Speaking of visual wit, The Golden Circle embraces the preposterousness of its world to an even more absurd degree this time around. Poppy Land is a splash of ‘50s kitsch carved out of a South American rainforest, the Statesmen hide out in a distillery with silos shaped like whiskey bottles, and the quirky spy gadgets range from suitcases that fold out into riot armor to an electric lasso that cuts people in half.
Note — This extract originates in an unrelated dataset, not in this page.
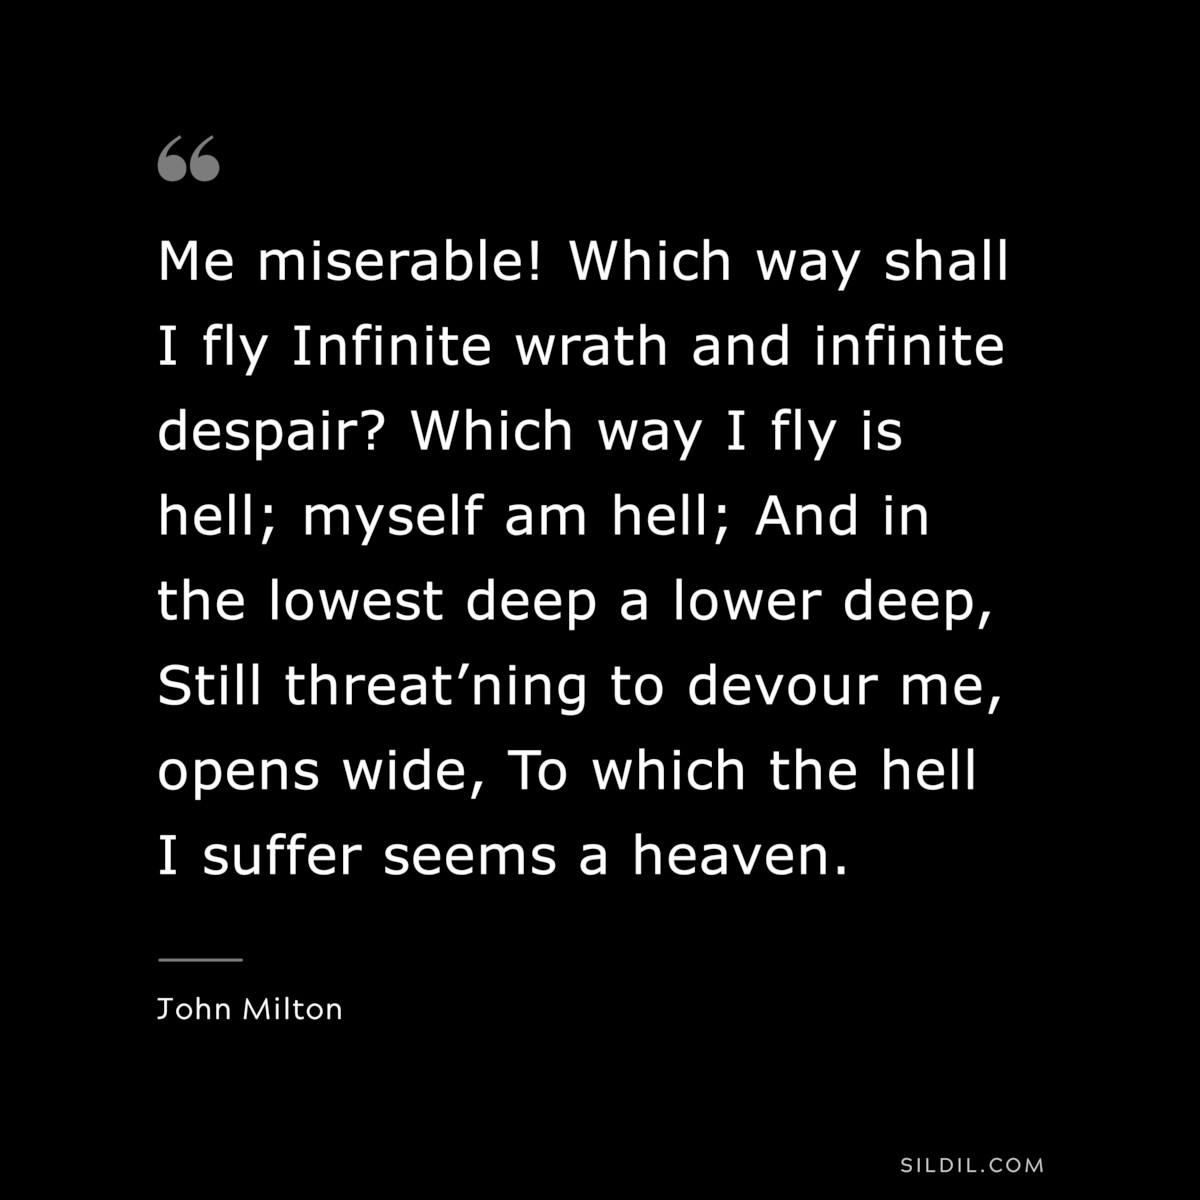 Me miserable! Which way shall I fly Infinite wrath and infinite despair? Which way I fly is hell; myself am hell; And in the lowest deep a lower deep, Still threat’ning to devour me, opens wide, To which the hell I suffer seems a heaven. ― John Milton

Unfortunately, the movie that surrounds those moments of brilliance is a downright mess. At nearly two and a half hours long, The Golden Circle feels like three Kingsman sequels crammed into one; between Poppy’s evil scheme, the introduction of the Statesmen, and the reintroduction of Firth’s superspy Hart, the film feels overstuffed. Reuniting Eggsy with his loving mentor is fantastic, but it takes more than an hour to get there. Even then, he feels vestigial – resurrected for little other reason than to give ol’ Mr. Darcy another crack at the “Manners Maketh Man” scene from the first Kingsman. Other than that, the overstuffed cast of characters don’t get much of a chance to bounce off each other, the whole affair feeling emptier than usual.
The Statesmen, the film’s most entertainingly arch new element, are especially underused, wasting an all-star cast (Jeff Bridges, Halle Berry, and Channing Tatum) on glorified cameos. The one Statesmen we do get to see the most of – Pedro Pascal’s Agent Whiskey – is a fun addition, but between his appearances and Tatum’s disappearances, one gets the impression that the two were originally one character, later bifurcated when the producers couldn’t carve out enough time in C-Tates’ shooting schedule.
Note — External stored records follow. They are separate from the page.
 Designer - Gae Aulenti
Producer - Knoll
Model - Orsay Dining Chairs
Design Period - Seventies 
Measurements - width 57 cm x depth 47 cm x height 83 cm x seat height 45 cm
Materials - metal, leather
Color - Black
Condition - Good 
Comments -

And then there’s the film’s tone, which pinballs between unearned sentiment and hard-R irreverence on a dime. Vaughn refreshingly subverts the ill-conceived “anal sex with a Swedish princess” joke at the end of the first Kingsman by opening this one with Eggsy and Princess Tilde (Hanna Alström) in a loving, committed relationship. Unfortunately, they double down on an off-color subplot in which Eggsy literally has to finger an ingenue at Glastonbury to plant a tracking chip. Ever the gentleman, Eggsy FaceTimes Tilde for permission first; naturally, she doesn’t approve. He does it anyway, for queen and country. It’s these sour notes that damage the inherent lovability of Eggsy (aided by Egerton’s charming performance), hints of the distasteful Mark Millar misanthropy from the comic book on which this series is based.
Perhaps the purest distillation of The Golden Circle’s attitude lies in the fact that Elton John is in this film for basically no reason at all – and that’s the joke. If you’re down for watching an aged Elton spit out obscenities like a machine gun while roundhouse-kicking henchmen and bashing robot dogs in a feathered suit, you might be on The Golden Circle’s wavelength. Note to the producers: Next time, just give us a Statesmen spinoff, cut it down to 100 minutes, and be done with it.
(Sidenote: After Logan Lucky, The Golden Circle is the second film this year that features Channing Tatum and John Denver’s “Take Me Home, Country Roads” as a major emotional turning point. Between these films, Okja, and Alien: Covenant, the Denver estate must be raking in those royalty checks this year.)